Monmouth's Holiday in Cambodia

Monmouth's Holiday in Cambodia

WEST LONG BRANCH, N.J. – Neoliberalism is the bane of my existence. Unfortunately, I am neoliberalism. You are neoliberalism. We are all neoliberalism. It is important here to make the distinction between being neoliberalism and being a neo-liberal. It is important as well to define neoliberalism, and why being a neo-liberal is a distinction.
Neoliberalism is an economic philosophy where competition is thought to be the key characteristic of the human experience, coupled of course with mass privatization, austerity, reduced government spending, and free trade. Needless to say, a rise in corporatism is a natural offset to neoliberalism. One in which many of us students here at Monmouth have been told to prepare for. The neoliberal world is the “real world” us students have yet to “actually experience”.

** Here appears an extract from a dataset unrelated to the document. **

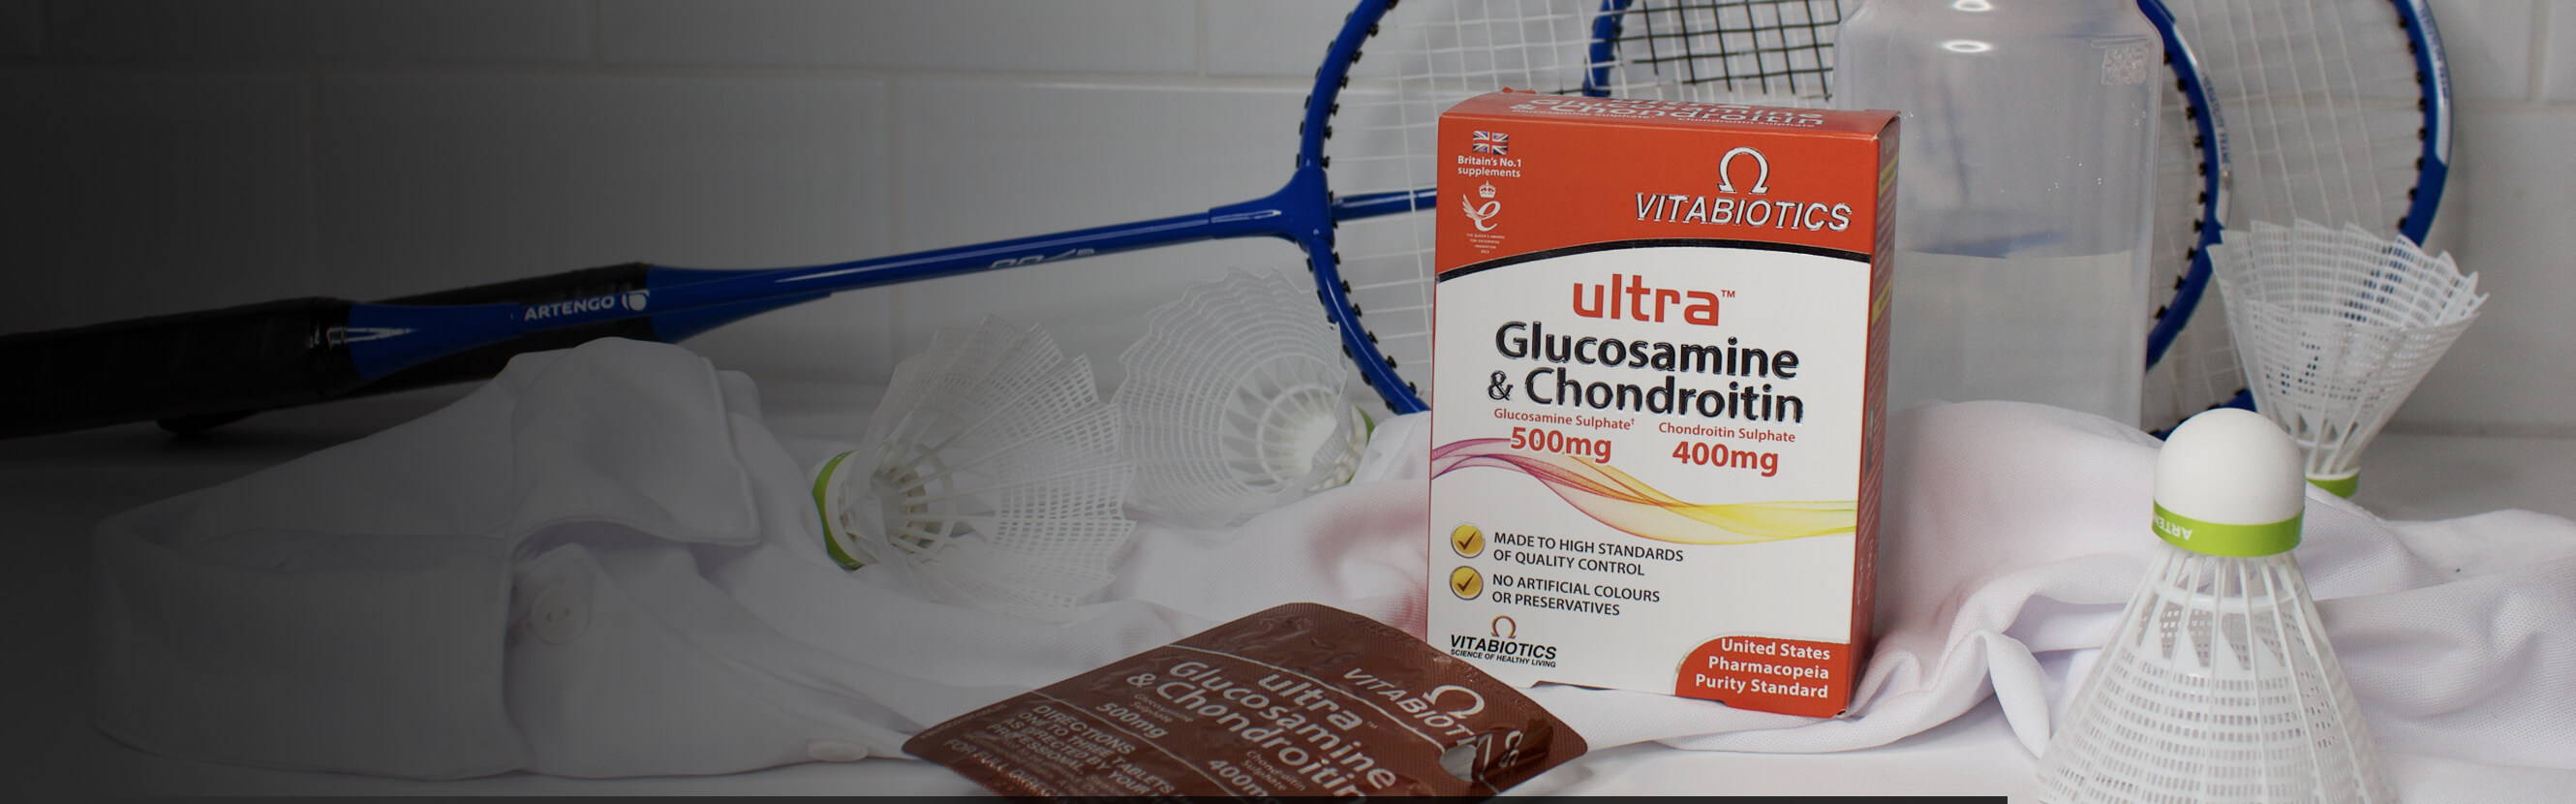  When it comes to glucosamine and chondroitin, the details of formulation make all the difference. That’s why Ultra Glucosamine & Chondroitin is scientifically formulated for quality – glucosamine in its preferred potassium form and a premium low molecular weight form of chondroitin.

Image taken from Occasional Links & Commentary

By now, I hope you can tell, even with whatever subtly I have used thus far, that I am not particularly a fan of neoliberalism. So, why would I say that I am neoliberalism? Simply put, I cannot remove myself from processes in which neoliberalism props itself afloat. I may be able to protest, yell, try to keep my purchases low, detest global capitalistic exploitation, but, I can only go so far. I am a student, at a university with a “strategic plan” aimed at helping students become better candidates for jobs post-graduation, rather than better people. I am a student at a university, whose decision to major in not one, but two social sciences, was regularly greeted with “so you wanted to be doubly poor?”. I am shaped by my university; my life chances and choices will be effected by the choices made by my university. And when those choices made reflect what I see to be an acceptance of global neoliberalism, it wildly effects the ways in which I will be able to interact with the world while I am on this campus, and once I leave it. This is what it means to me to be neoliberalism. To be neo-liberal, is simply to support neoliberalism as a philosophy. I am not a neo-liberal, and I hope you aren’t either.
Debates over neoliberalism happen all the time on campus, especially in social science classes. Debates are heated, but often inspiring. During these discussions, what is clear is who supports neoliberalism and who does not. However, I would contend that most of my student counterparts in some way support neoliberalism. This has become clear to me, as I have carried on through conversations with twenty-first century activists. Most are members of the “peace, love, and let me craft my identity through my consumer choices” crowd. The “sweatshop labor is barbaric, but I enjoy Nike products” crowd. The “if I want to support a cause, I must find a coinciding campaign and purchase their gear” crowd. All jokes aside, I do think the “crowd” I am describing is afflicted with textbook cognitive dissonance.
What is truly amazing is, this had been brewing through my mind for quite a few months now. However, the actual cementation of the concept into pure thoughts and subsequently words, then action, eluded me. That is, until I was preparing a set-list of punk songs with a friend for a punk inspired party. I stumbled upon what I claimed to be my favorite punk song, “A Holiday in Cambodia” by the Dead Kennedys. The song satirically mocks “well-to-do” college students in the United States, who appear to be blissfully unaware of global events. Instantaneously, my thoughts poured out through a song recorded nearly fifteen years before my birth. I now find myself murmuring the lyrics whenever I see cheap imitations of activism parading around campus.
Image taken from Alternative Information & Development Centre

I know it is not quite nice to call somebody’s activism “cheap”, and maybe cheap is not the right word entirely, but cheap is on my brain whenever I am confronted by activism that is not critical of a global capitalistic system, especially when there are links between a growing capitalistic and corporatist world and the causes being advocated for. And let me not be coy here, the link is almost never (if ever) a good one.
I should hope, that when students pick causes to be passionate about, they confront both the cause and what is that cause’s cause. Meaning, care not only for what you are being an activist for, but also, why you need to be an activist in the first place. More importantly, if not most importantly, fit yourself into the equation. The most important form of activism is embodiment of ideals, which would be my suggestion after all this. Learn, inspect, and then embody what you fight for. On a slighter note, I would also suggest listening to A Holiday in Cambodia, and realizing yourself to be the consumer robot that you probably are.